We are all loaded into the back of a truck, crammed shoulder to shoulder, surrounded by Iraqi cops. Several British reporters quietly turn on their satellite phones and attempt to make surreptitious SOS calls. The truck rolls off. Then a cop in a ski mask begins to shout.
“Don’t pay attention to him,” whispers one photographer.
“He’s just launching into a political polemic.” “He’s saying we’re all going to die,” says an Iranian journalist who understands Arabic.
After a brief, terrifying trip down the exact same road I’d just traveled, we arrive at police headquarters. The chief would like to talk to us. We are herded into Jazare’s office at gunpoint; some of the officers pass out pieces of paper so we can take notes.
In the past two hours, Jazarey’s demeanor has changed – from controlled panic to open fury. “You will stand here and listen to us, to see what disasters you have caused,” he says. Then, in one of the most bizarre displays of damage control any of us have ever seen, the chief spends the next half hour delivering a long, rambling monologue blaming the press for the actions of the Iraqi cops.
Jazarey is infuriated at Al-Arabiya and other Arab media for broadcasting “untrue rumors,” such as Sistani’s call for the peace march. Except it isn’t a rumor, but that doesn’t matter. As a result of this reporting, there have been “clashes” between police and demonstrators in the Mahdi stronghold of Kufa, just outside town, he says, and “many people died.” This, the chief says, is the media’s fault. The police just want to restore peace and security, he says. He holds up photographs of officers who’ve been mutilated by the Mahdi. He shows us a picture of his nephew.
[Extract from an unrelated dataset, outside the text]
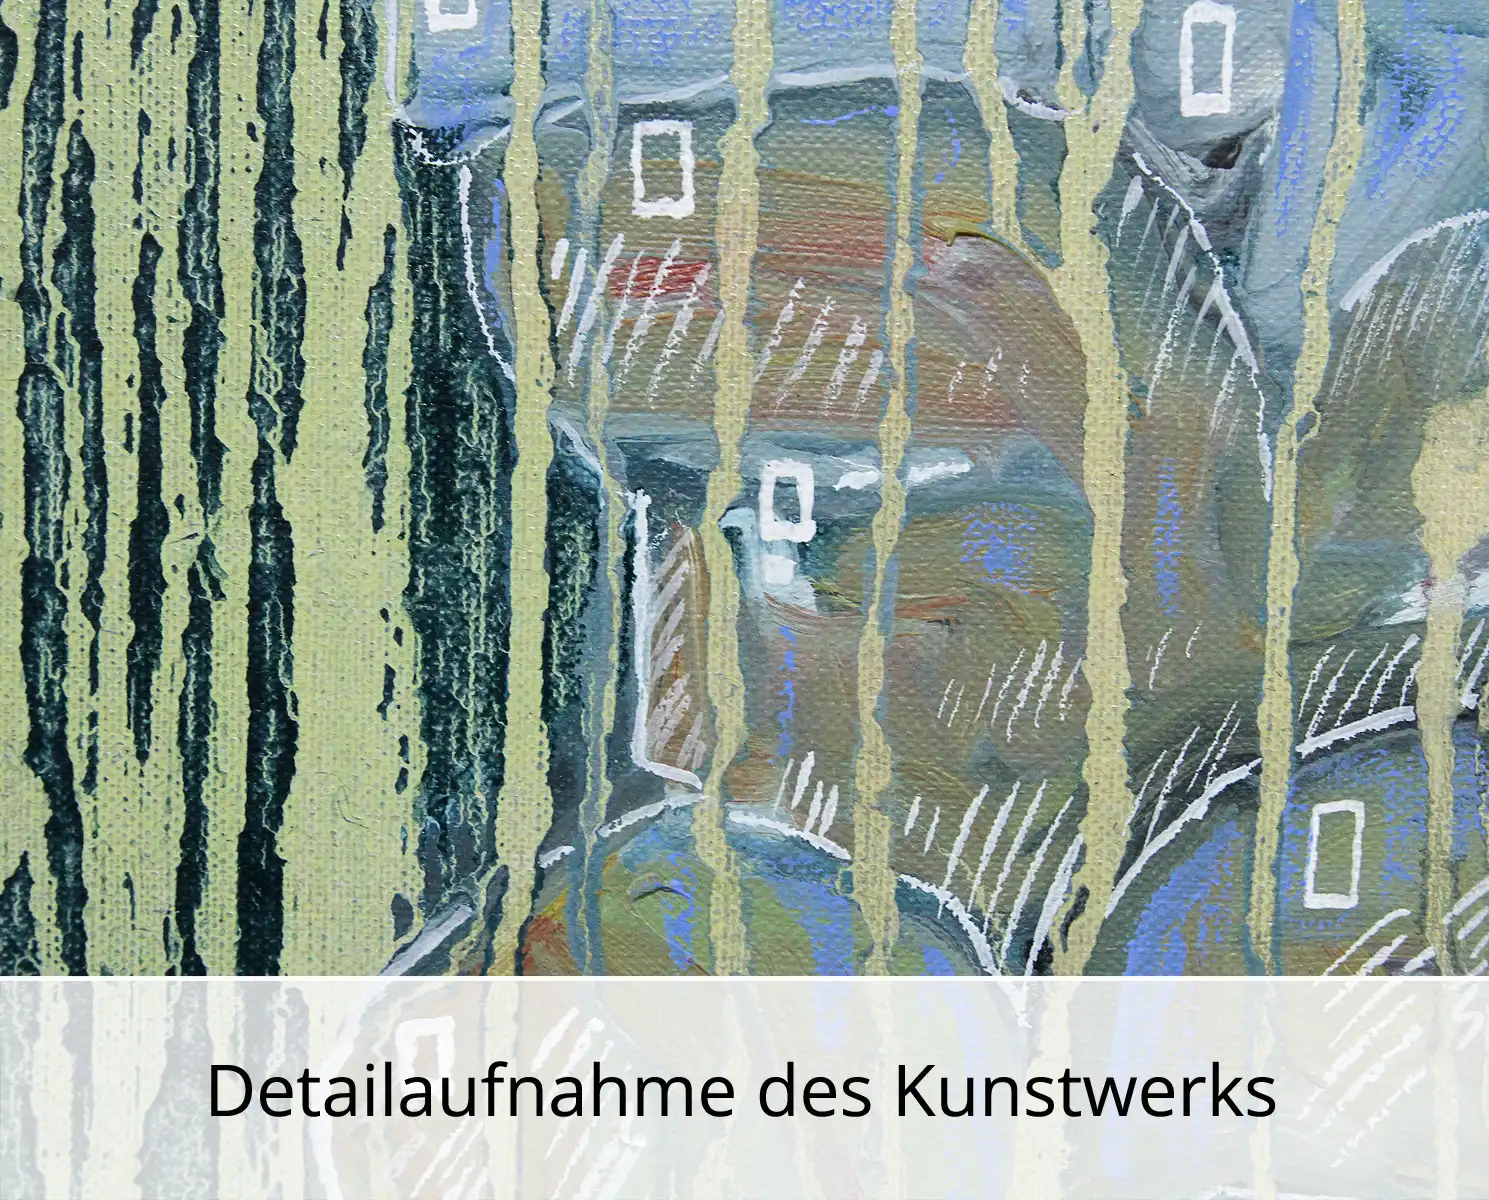 C. Blechschmidt: "In Gedanken", Original/Unikat, zeitgenössisches Ölgemälde

“You kidnapped us,” says an irate reporter for the London Daily Telegraph.
“My staff misunderstood my instructions,” Jazarey says with a shrug.
Jazarey rants for a few more minutes, and then he tells us we’re free to go. “We are under huge stress, brothers fighting brothers,” the chief says apologetically as we file out.
TWO DAYS AFTER I MEET WITH the chief, Sadr and the Iraqi government sign a peace agreement. The deal banishes the American troops from Najaf, puts the city under the control of the Iraqi police and national guard, and exacts a promise from the interim government to pay compensation to all who suffered physical or financial damage during the siege. Sadr, the interim Iraqi defense minister declares, is free “to do whatever he would like in Iraq,” and he receives full amnesty, as do all of the Mahdi fighters – provided they relinquish their weapons to Iraqi authorities. There is no timeline placed on that, however.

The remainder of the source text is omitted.